Я качаю головой, упираюсь кулаками в виски, прижимаю костяшки к коже.
– Да, – повторяет она, – и не о чем больше говорить.
9
В ту ночь мне снова снились лихорадочные сны, но на этот раз о моей сестре. Она каталась на коньках по озеру, сложив руки за спиной и раздувая в стороны облака впереди себя. Преподобный Рэнкема припарковал свой «Фольксваген» у канавы, фары машины освещали лед. Освещенная зона очертила размер круга, в котором Ханне позволено двигаться. На капоте сидел Рэнкема в черном облачении и капюшоне, на коленях у него была Библия. Все вокруг побелело от снега и льда.

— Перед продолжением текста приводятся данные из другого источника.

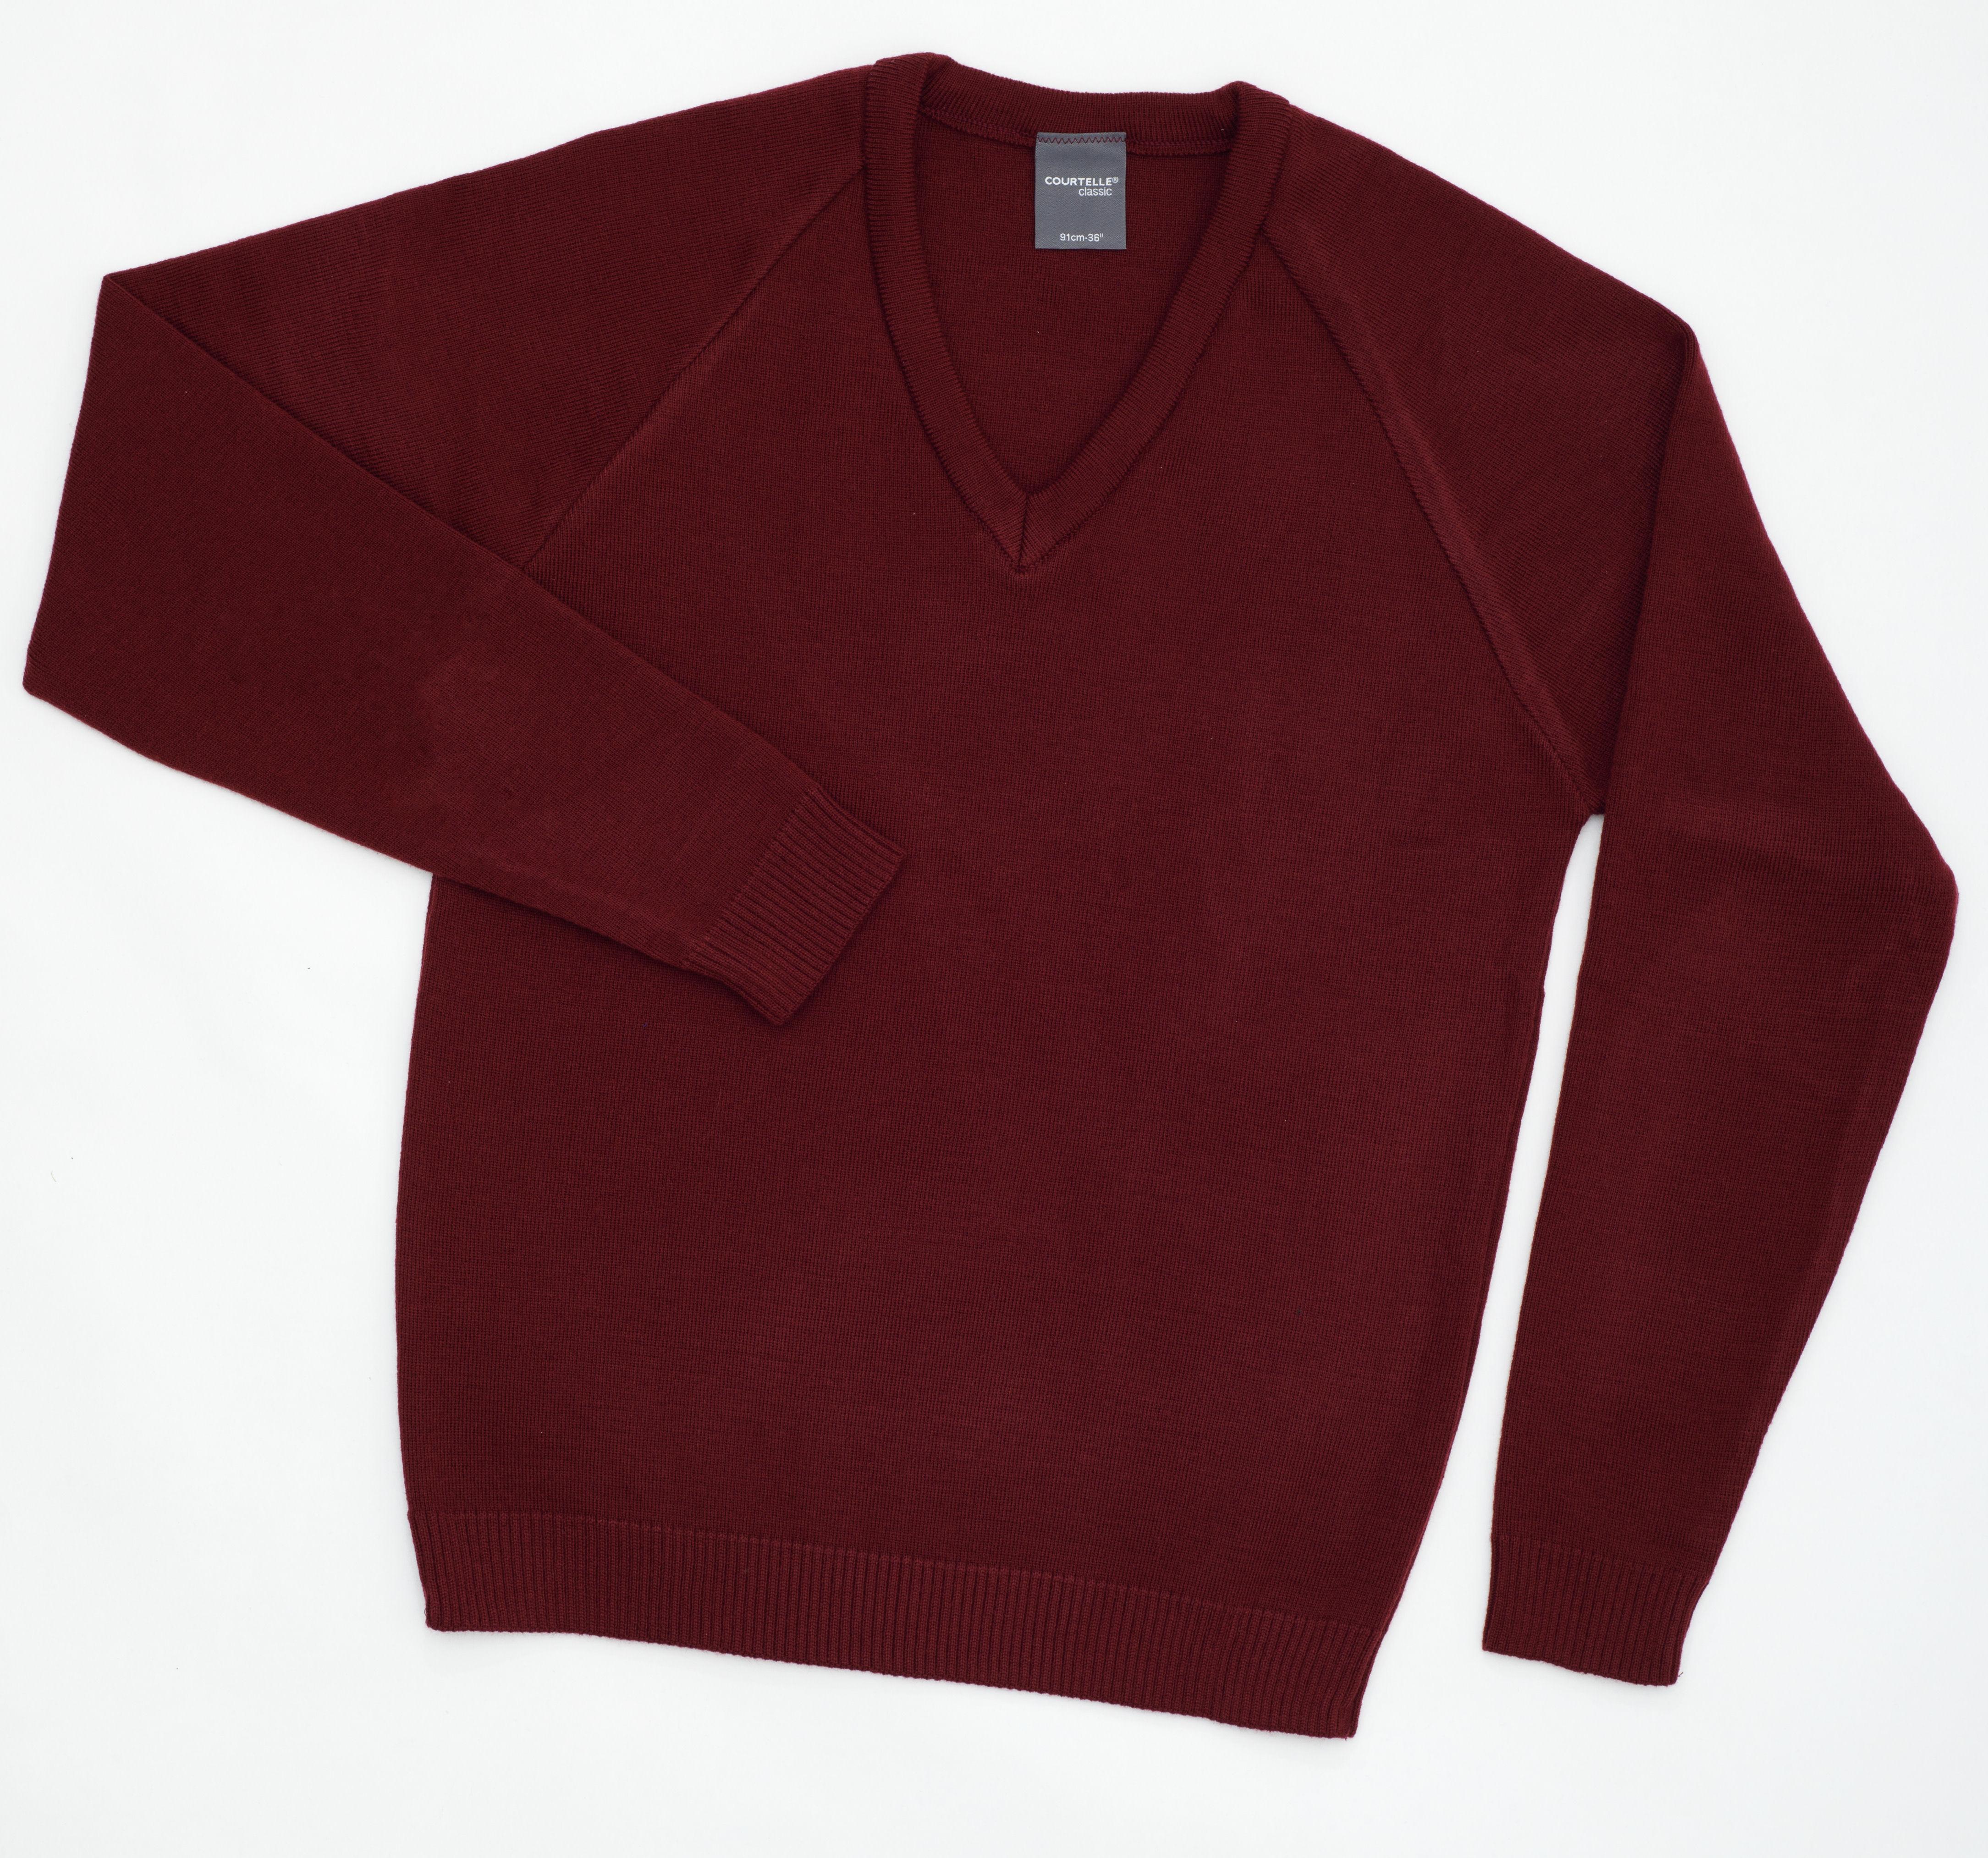 Courtelle Classic V-Neck Pullover MAROON/32

Затем внезапно фары начали медленно двигаться в мою сторону. Я не человек, а складной стульчик-опора для катания на коньках, стоящий у пристани. Никому больше не нужно на меня опираться. Мои ножки замерзли, а спинка скучает по чужим ладоням. Каждый раз, когда Ханна проезжает мимо и я слышу скрип ее коньков по льду, я хочу закричать на нее. Но стулья кричать не умеют. Хочу предупредить ее о коварных прорубях, но стулья не умеют предупреждать. Хочу удержать ее, прижать к своим перекладинам, посадить к себе на колени. Каждый раз моя сестра бросает на меня короткий взгляд. Ее нос красный, и она в отцовских наушниках: мы иногда их надеваем, когда хотим, чтобы его руки обняли наши холодные сердца. Я хочу сказать ей, как сильно я ее люблю, так сильно, что моя спина, то есть спинка стула, на мгновение начинает светиться, и дерево становится теплым, как если бы на нем целый день кто-то сидел. Но стулья не умеют говорить, как сильно они кого-то любят. Никто не знает, что это я: Яс, замаскированная под складной стульчик. Вдалеке мимо проскальзывает несколько лысух. Меня успокаивает, что птицы не проваливаются под лед, хотя моя сестра весом с тридцать пять лысух по меньшей мере. Когда я снова смотрю на лед, то вижу, как Ханна выкатывается из освещенной полосы и исчезает из поля зрения. Рэнкема начинает сигналить, фары мигают. Желтая шапка моей сестры медленно опускается, как заходящее солнце. Я не хочу, чтобы она утонула. Я хочу стать шилом для льда, просверлиться внутрь нее, пригвоздить себя к ней. Я хочу спасти ее. Но стулья не умеют спасать. Они умеют только молчать и ждать, пока кто-нибудь сядет на них отдохнуть.
10
– Где в землю воткнуты ветки, там ловушки для кротов, – говорит отец и вручает мне острую лопату. Я хватаюсь за середину ручки. Мне жаль кротов, жаль, что они попали в ловушку в темноте. Я такая же, как они: днем становится все темнее и темнее, и вечером я не вижу даже собственной ладони перед носом – мои глаза так же глубоко утонули в коже, как и у этих пушистых зверьков. Я просто копаю повсюду вокруг себя, выворачивая то, что мы закопали под дерном. Сегодня утром я включила свой ночник-глобус на прикроватном столике, на мгновение увидела вспышку света, а затем снова стало темно. Я снова нажала на выключатель, но ничего не произошло. На мгновение мне показалось, что с глобуса схлынул океан – моя пижама была насквозь мокрой и пахла мочой. Я задержала дыхание и подумала о Маттисе. Сорок секунд. Затем я снова вдохнула свежий воздух и вскрыла глобус. Лампочка была цела. Я мельком подумала: это тьма, последняя казнь египетская. Тогда у нас будет полный набор. Вскоре я прогнала эту идею.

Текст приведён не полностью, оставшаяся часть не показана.